What you will do: Please reproduce the listing verbatim, without its images.

Recorded information:
· · · · · · ·

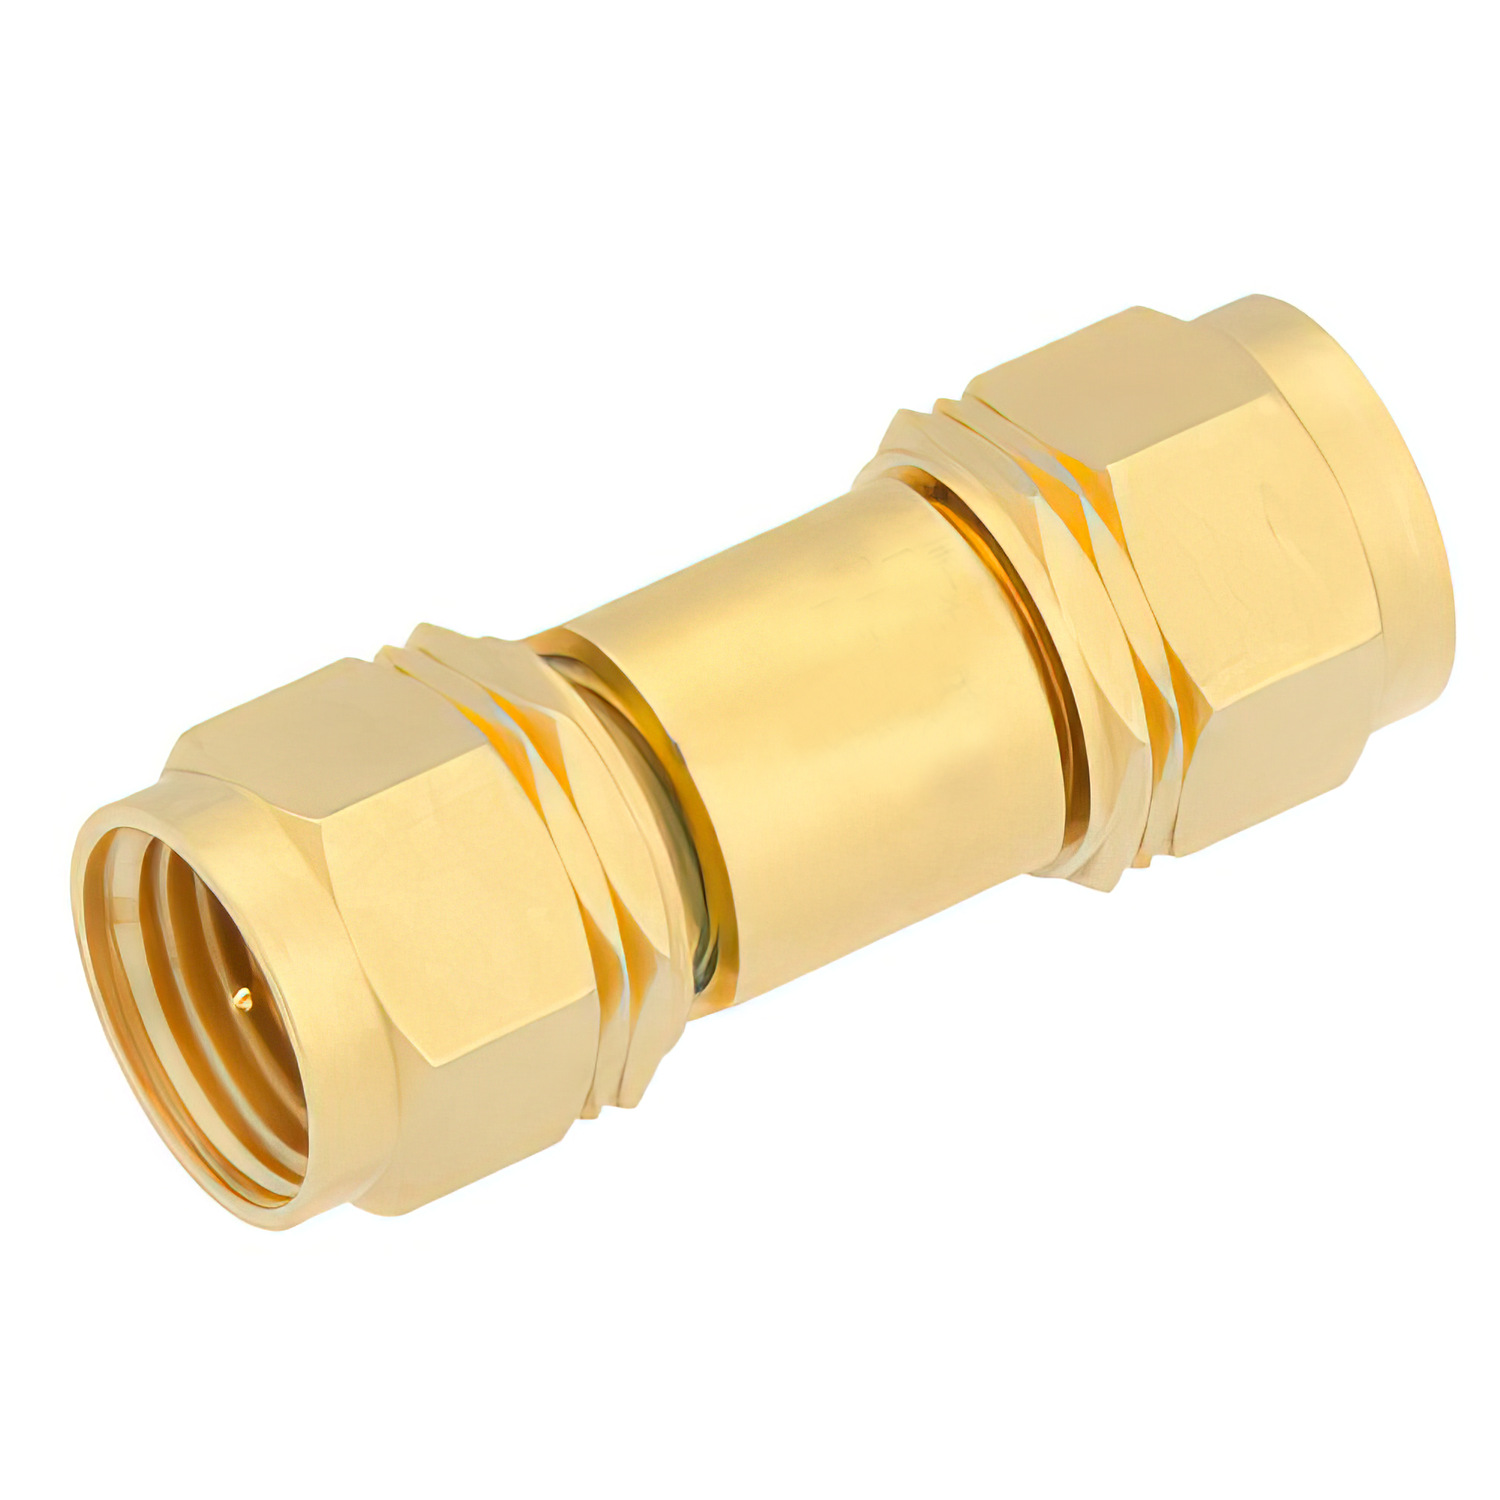 1.85mm male to 1.85mm male adapter1
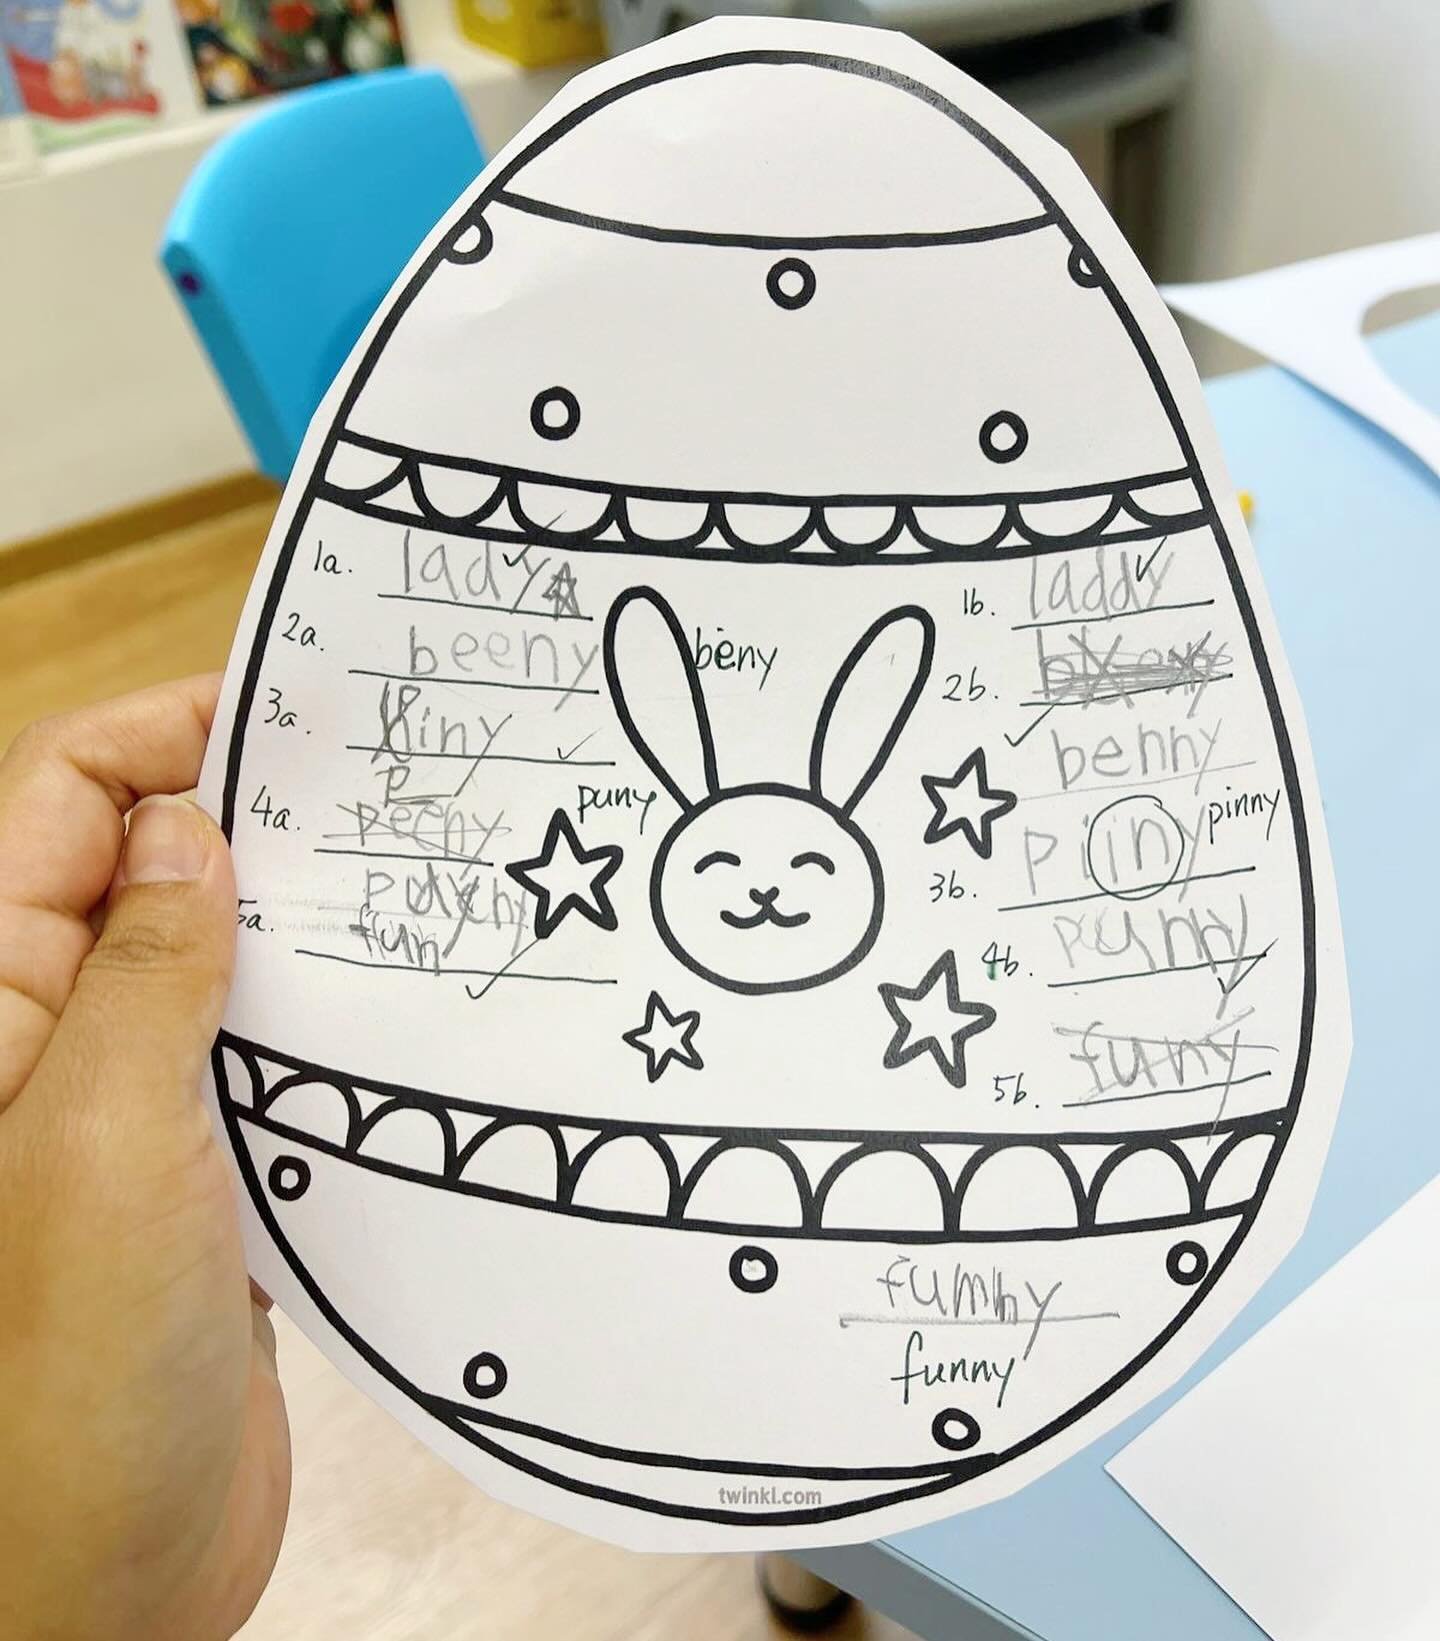 How have your Easter holidays gone? Our students became egg-straordinary spellers! 🐣🪺

#literacy #literacyclasses #literacyforkids #phonicsforkids #hongkongclasses #hongkongkids #hongkongparents #hongkongmoms #hongkongmomslife #readingright #readin

· · · · · · ·

Exercise solution:
 1.85mm male to 1.85mm male adapter1
 How have your Easter holidays gone? Our students became egg-straordinary spellers! 🐣🪺

#literacy #literacyclasses #literacyforkids #phonicsforkids #hongkongclasses #hongkongkids #hongkongparents #hongkongmoms #hongkongmomslife #readingright #readin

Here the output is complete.